The resulting dataframe and database from this notebook is available in the [data folder](./data). 

In [1]:
from scripts.clean_df import *
from scripts.create_db import *
from scripts.scrape_df import *

## Webscraping and Initial Dataframe

Genius is very thorough in cataloguing an artist's discogrpahy, tracking all physical and digital variants of a release with different tracklists as well as singles, EPs, demo CDs, official playlists, and special releases. Therefore, Genius catalogues Taylor Swift as having over [100 different albums](https://genius.com/artists/Taylor-swift/albums), most of which contain repeated songs. For sake of processing times, I manually select the releases used to create the initial dataframe: deluxe versions and "Taylor's Version" rerecordings of her studio albums are preferred for including all existing bonus tracks and "From The Vault" songs for each album, and non-album singles and streaming-specific EPs that contain previously unreleased tracks are included. Since this project includes analyses of her lyrics, the goal is to capture every *unique* song of her discography, not necessarily to capture every *possible* song.

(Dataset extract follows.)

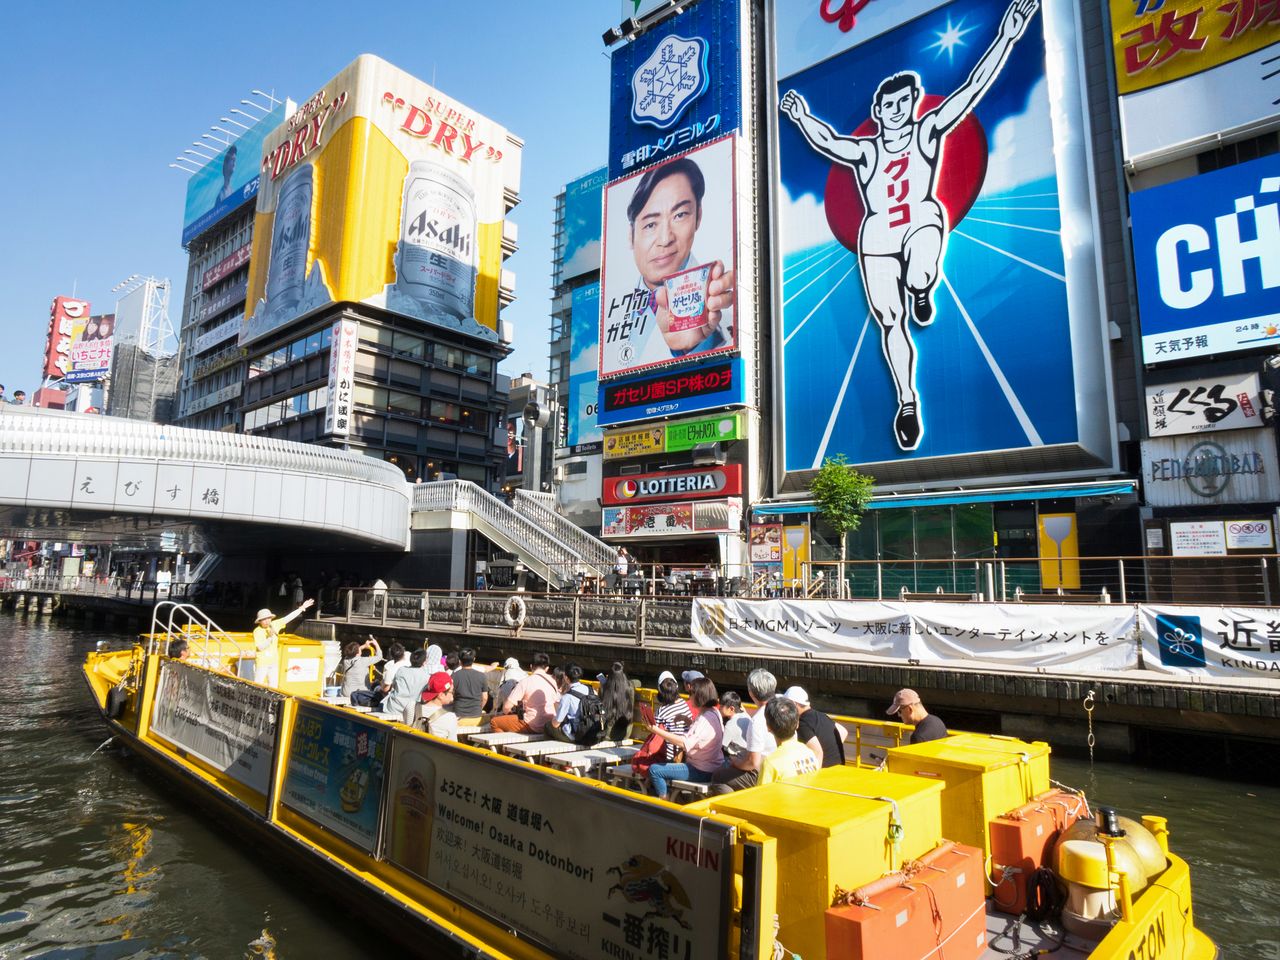 大阪ミナミを代表する風景は、やはりグリコの看板でおなじみの戎橋（えびすばし）周辺。道頓堀の景色を水上から楽しめる「とんぼりリバークルーズ」も人気

The dataframe is structured as follows:

* **album_title**: the title of the album (or other release) containing each song
* **album_url**: the URL to the Genius page for the album
* **album_era**: the musical "era" the album was released in
  * Note: this terminology was brought about via [The Eras Tour](https://en.wikipedia.org/wiki/The_Eras_Tour) and usually refers to the time period around a studio album's release. For songs not on studio albums, the era is determined by which era was closest when written or released.
* **album_track_number**: the track number for the song on the given album
* **song_title**: the title of the song
* **song_url**: the URL to the Genius page for the song
* **song_lyrics**: the lyrics to the song (returned as a single string)
* **song_writers**: the writer(s) for the song (returned as a list)
* **song_producers**: the producers(s) for the song (returned as a list)
* **song_tags**: the genre tag(s) for the song (returned as a list)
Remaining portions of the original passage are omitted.